Application of combined NPC and enzyme extraction has been reported by Zhao et al. [62], for the extraction of isoflavonoids (calycosin, formononetin) from Radix astragali, which is a well-known medicinal plant. Under optimum conditions, a higher extraction yield of 94.67% for calycosin was obtained compared to non-enzymatic pre-treated extraction. Zhang et al. [60] also used the coupled method for the extraction of genistein and apigenin from pigeon pea roots, which demonstrated an increase in the extraction yield up to 44.70% and 53.05% respectively, compared to only NPC method.

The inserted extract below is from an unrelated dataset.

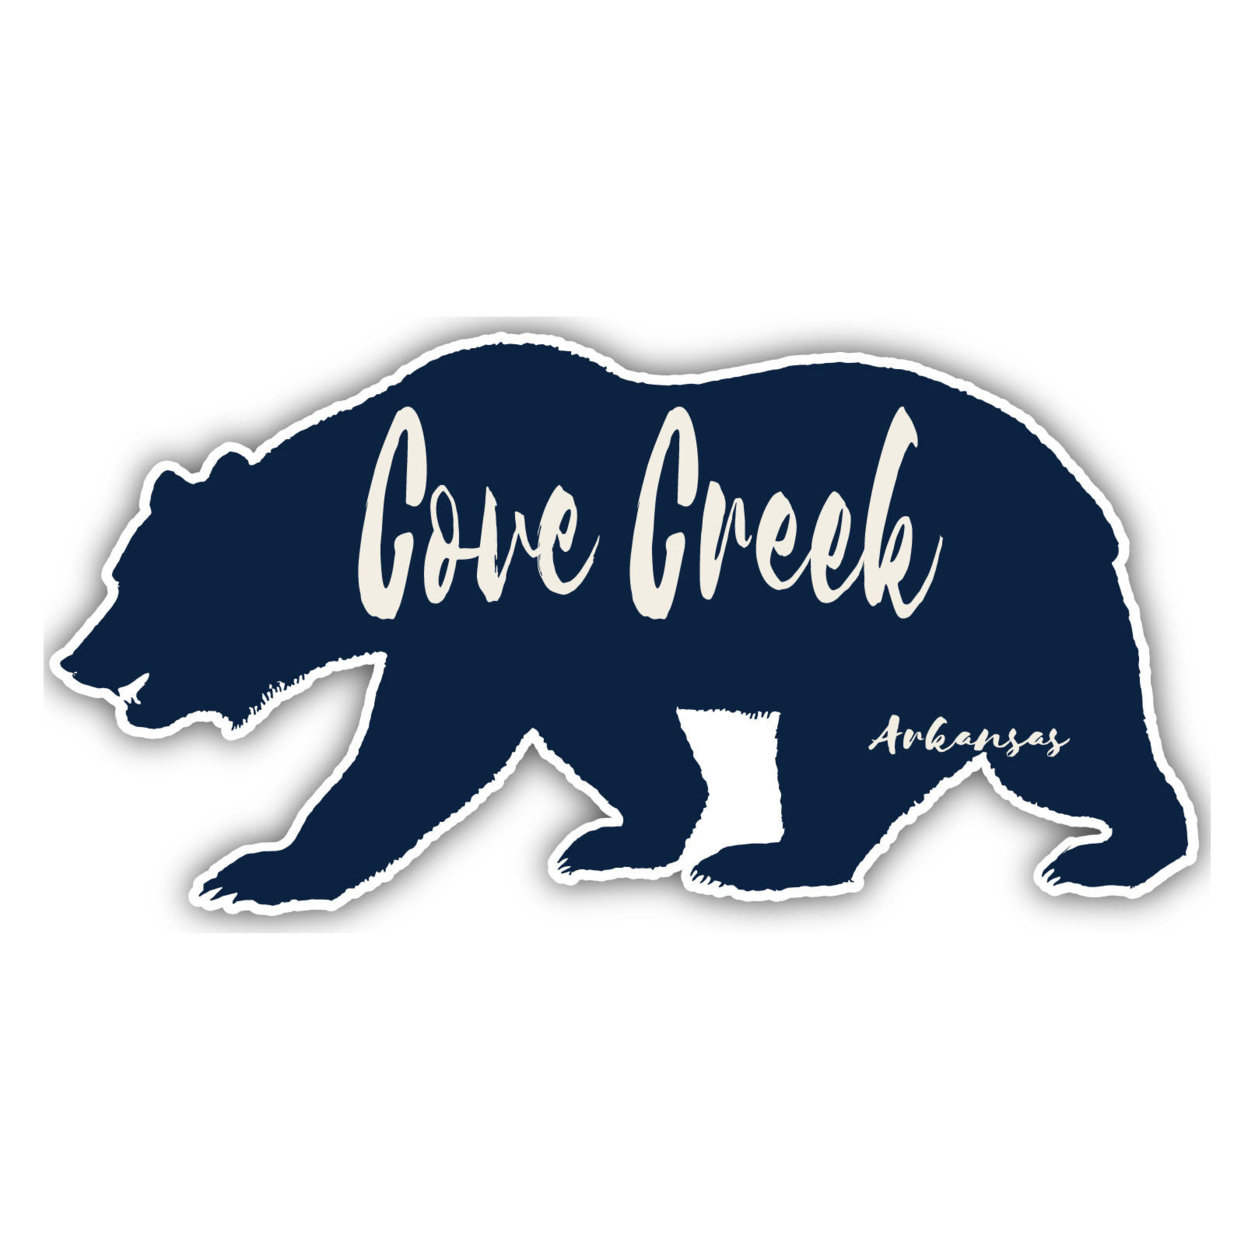 Cove Creek Arkansas Souvenir Decorative Stickers (Choose Theme And Size) - Single Unit, 2-Inch, Bear
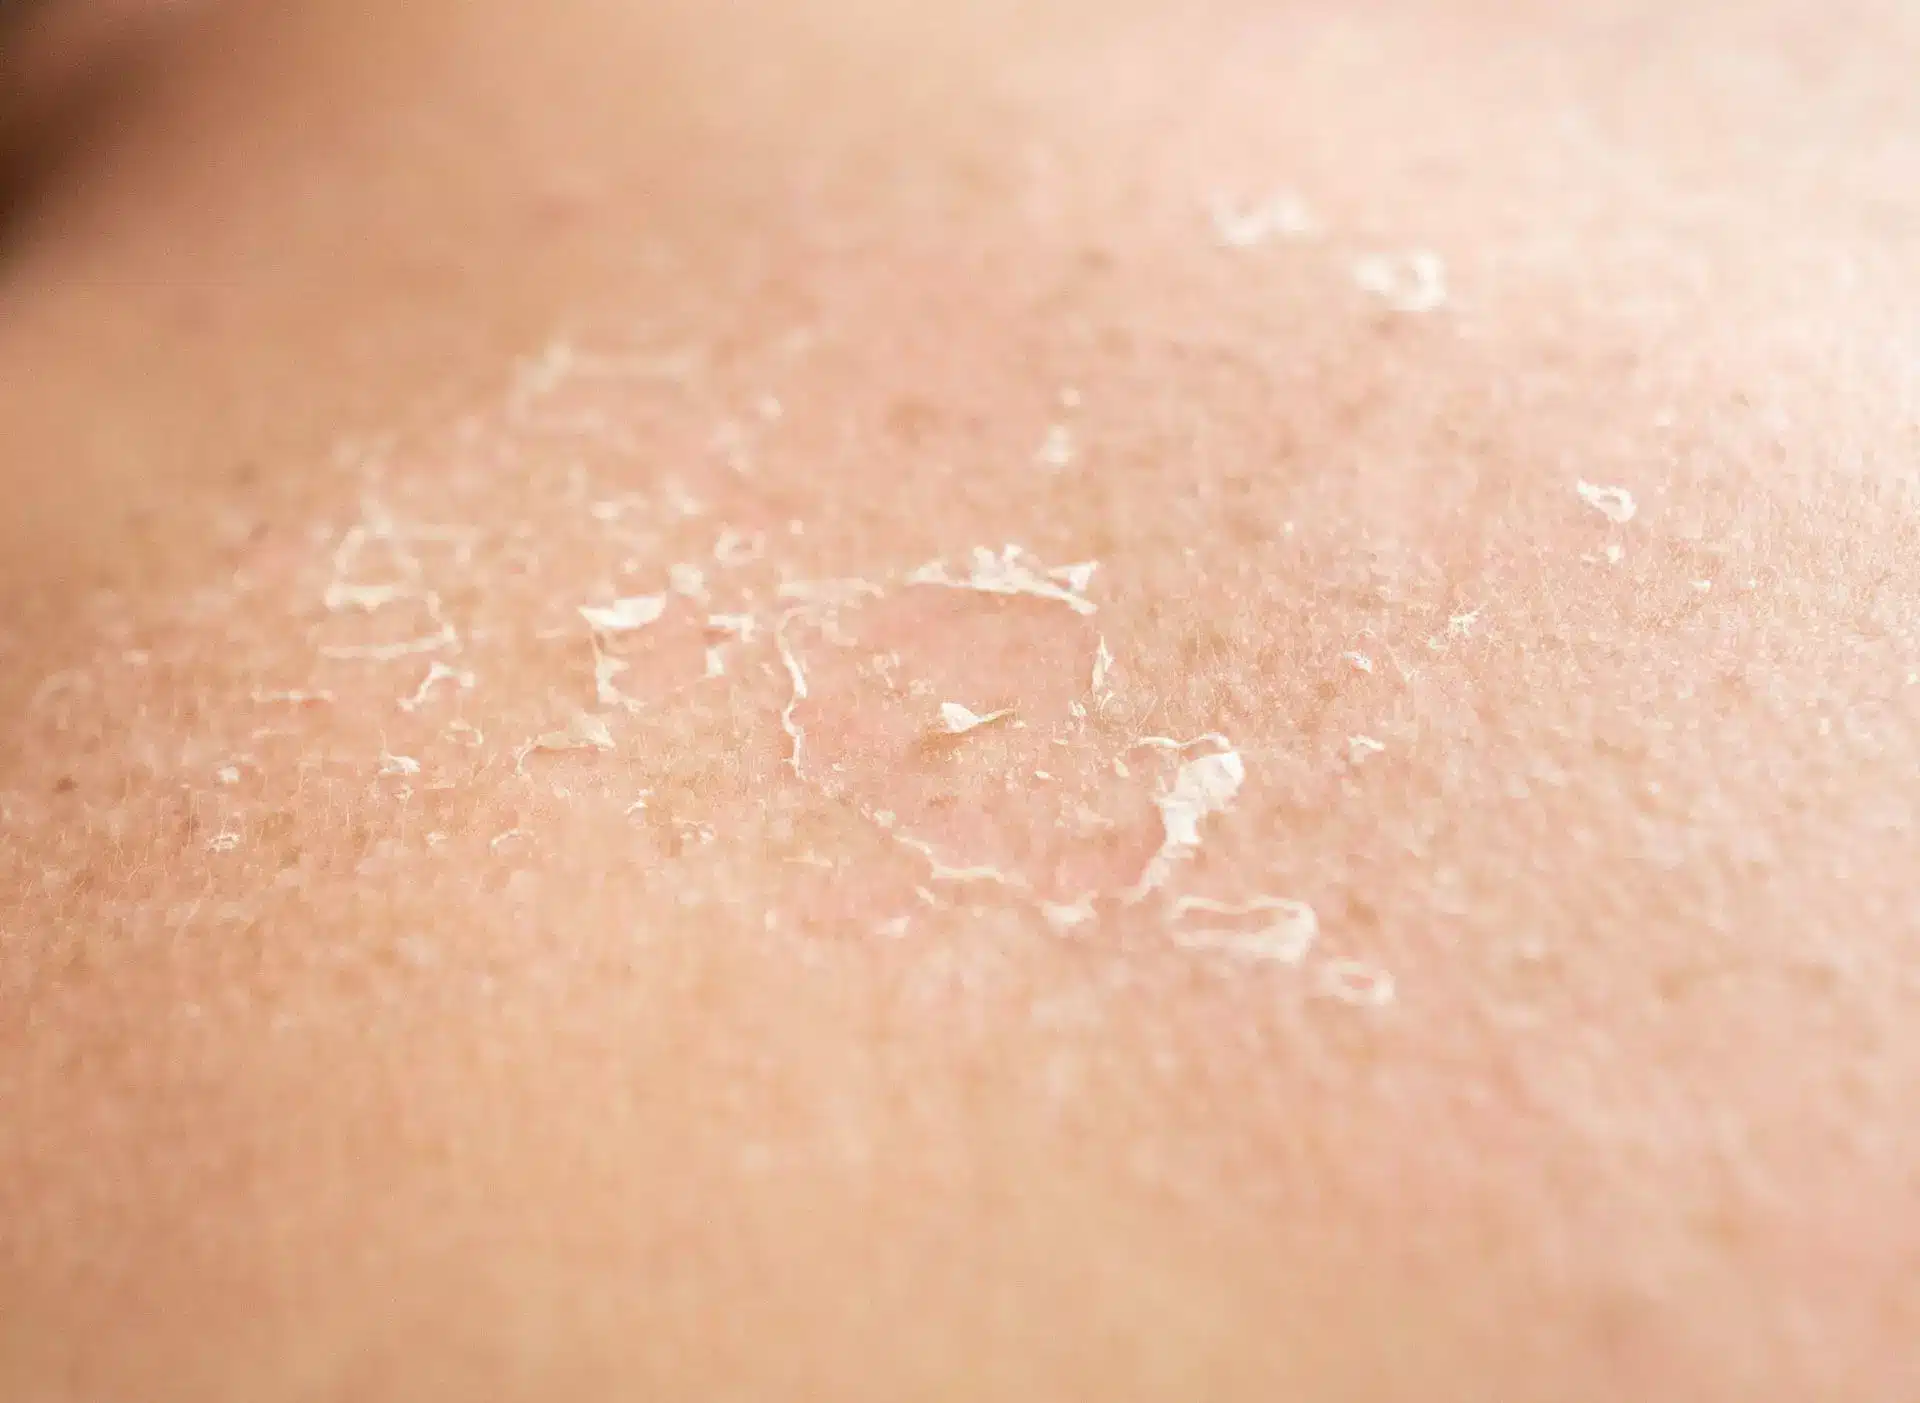 sunburned skin peel in sheets

5.3. Ultrasound and Supercritical Fluid Assisted Extraction

Supercritical fluid extraction (SFE) of natural products has drawn particular interest in recent years, due to its low critical constant, non-toxic and non-flammable properties. For SFE, carbon dioxide (CO2) is the most commonly employed solvent for the extraction of bioactive and antioxidant compounds from vegetal materials, following its moderate operating temperature, low-cost, non-flammable and environmentally friendly nature. Combination of US with CO2 resulted into an increase in the extraction yield, which could be associated with enhanced mass transfer rate. Better stability of CO2, due to its inert nature and process operation at low temperature leads to minimal damage to vital components of the extract. Bioactive compounds were obtained with high purity from red pepper (Capsicum baccatum L. var. pendulum) via CO2 based supercritical fluid extraction assisted by ultrasound (SFE-US) [89]. Santos-Zea et al. [90] obtained 9-38% and 10-86% enhanced yield of phenolics, as well as antioxidants respectively from dry oregano via introducing a multiple circular sonotrode type ultrasound reactors, which were operating along with CO2. The process demonstrated the importance of reactor configuration for obtaining better extraction yield. For the extraction of antioxidant compounds from blackberry bagasse, Reátegui et al. [91] adopted SFE-US method, which indicated the effect of ultrasound on SFE for enhancing the global yield and the quality of extract. SFE-US extraction has also been used for the extraction of capsaicinoids from malagueta pepper (Capsicum frutescens L.) [92] and oil from almonds [93]. The yield of SFE was enhanced up to 77% following the introduction of ultrasound during capsaicinoids extraction while considering same parameters for all type of extractions and four major capsaicinoids (capsaicin, dihydrocapsaicin, nordihydrocapsaicin, and homodihydrocapsaicin) were quantified successfully. During the extraction of oils from almond, the yield also enhanced up to 20% than treatments without ultrasound. The introduction of ultrasound reduces pressure, temperature, the flow rate of CO2 and the overall extraction time as well. An enhancement in yield can be attributed to both the mechanical and thermal effects of ultrasound.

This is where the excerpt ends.